As is well known in the field of geometry, the major axis MA of the ellipse extends along the axis from the vertex V1 through the center point P to the vertex V2. The length b extends from the center point P to the vertex V1 or V2. The focal point f of the ellipse is on the major axis MA at a distance c from the center point P. The length a is half the short axis MI and extends between the center point P and the vertex V3. A preferred range for the value of length a is about 0.8 mm to 2.5 mm, and a preferred length is about 1.0 mm. A preferred range for the value of length b is about 0.9 mm to 2.7 mm, with a preferred length of about 1.8 mm. The length c is calculated as a function of the lengths a and b as follows:
c ² = b ² −a ²
The length c has a range that varies with the lengths a and b according to the above equation.

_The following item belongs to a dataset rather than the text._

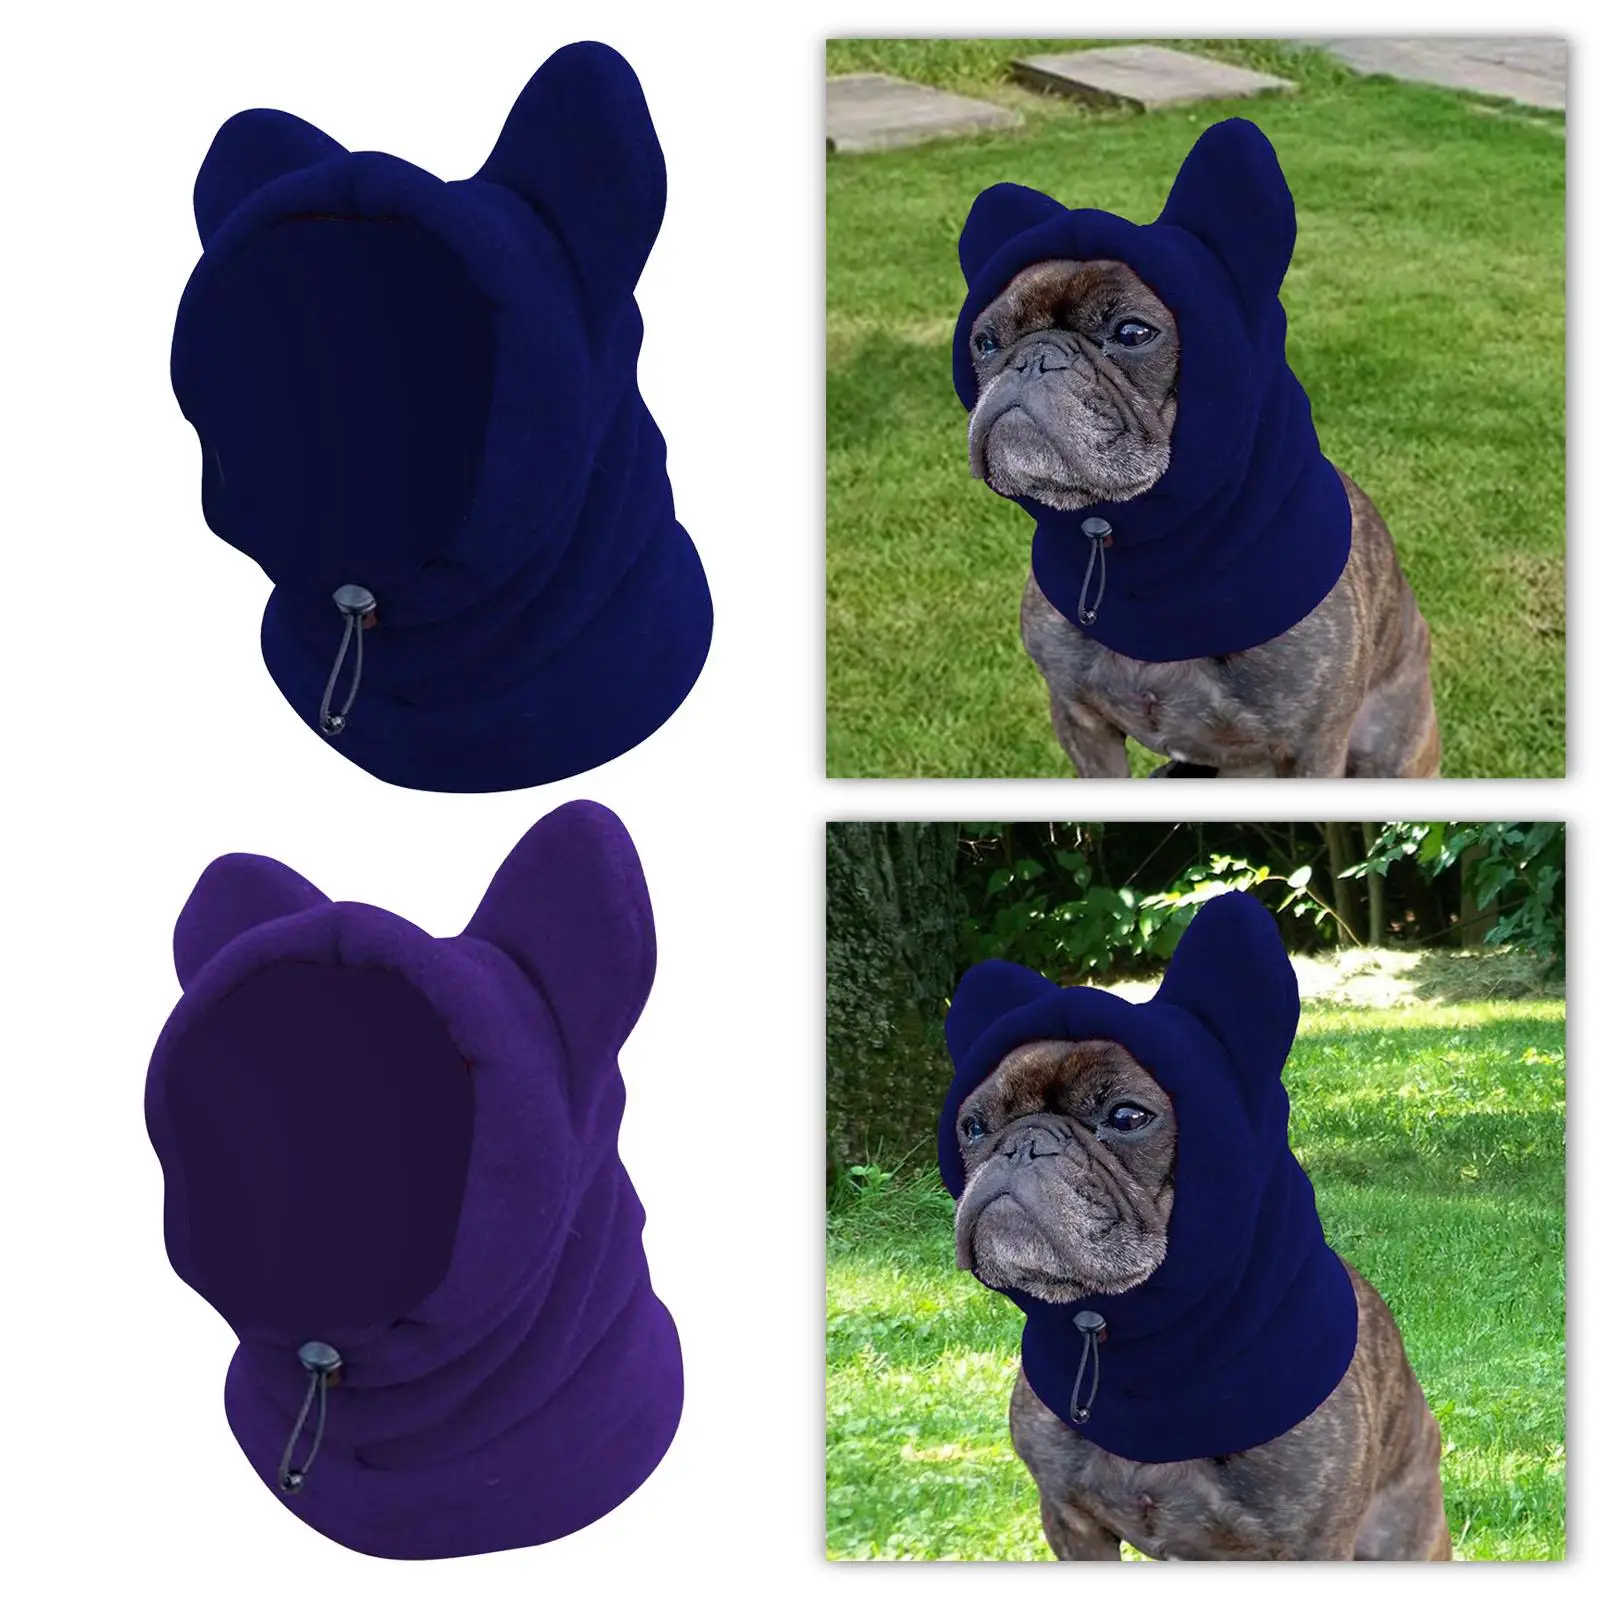 Dog Hood Warm Hat Winter Pet Hat Soft Walking Thickened Ears Hoodie Dog Ears Cover for Cat Small, Medium, Large Dogs Hiking

  As can be seen from FIG. 6, the cross section of the lower portion 40 of the flow channels 32, 34 may be only part of a semi-elliptical shape, and is referred to herein as a partial semi-elliptical shape 46. The partial semi-elliptical shape 46 has a depth d selected by the user. The depth d is preferably about 1 mm, but has a range of about 0.5 to 2.5 mm. In the partial semi-elliptical shape 46, the depth d is preferably equal to or smaller than the length a. As shown in FIG. 7, the semi-elliptical shape 44 is defined by an ellipse line having a major axis MA and vertices V1, V2 and vertex V3. The semi-elliptical shape preferably has a depth d equal to the length a.

  Also, in FIG. 6, the flat bottom surface 60 of the embodiment of the partial semi-elliptical shape 46 is indicated by an imaginary line. Any of the embodiments shown herein may include this flat bottom surface 60, which may be desirable for manufacturing convenience. When the flat bottom surface 60 is used for the lower portion 40, the aforementioned semi-elliptical shape 44, partial semi-elliptical shape 46, or partial semi-circular shape 48 is used for the remaining portion of the lower portion 40.

  In another embodiment shown in FIG. 8, a partial semicircular cross section can be used for the lower portion 40 of the channels 32, 34. When a = b, the elliptic formula gives a circular shape. As used herein, the terms partial semi-elliptical shape 46 and semi-elliptical shape 44 do not include semi-circles in their definitions. However, the present invention actually includes a partial semicircular shape 48 as one embodiment. The cross section of the partial semicircular shape 48 is defined in the flow paths 32 and 34 such that both ends of the circular shape extend beyond the straight wall 50 of the upper portion 42. The vertices V1 and V2 are located outside the flow paths 32 and 34. Further, the depth d is smaller than the length a. The cross section of the partial semicircular shape 48 can be defined by the above elliptic formula, where a = b.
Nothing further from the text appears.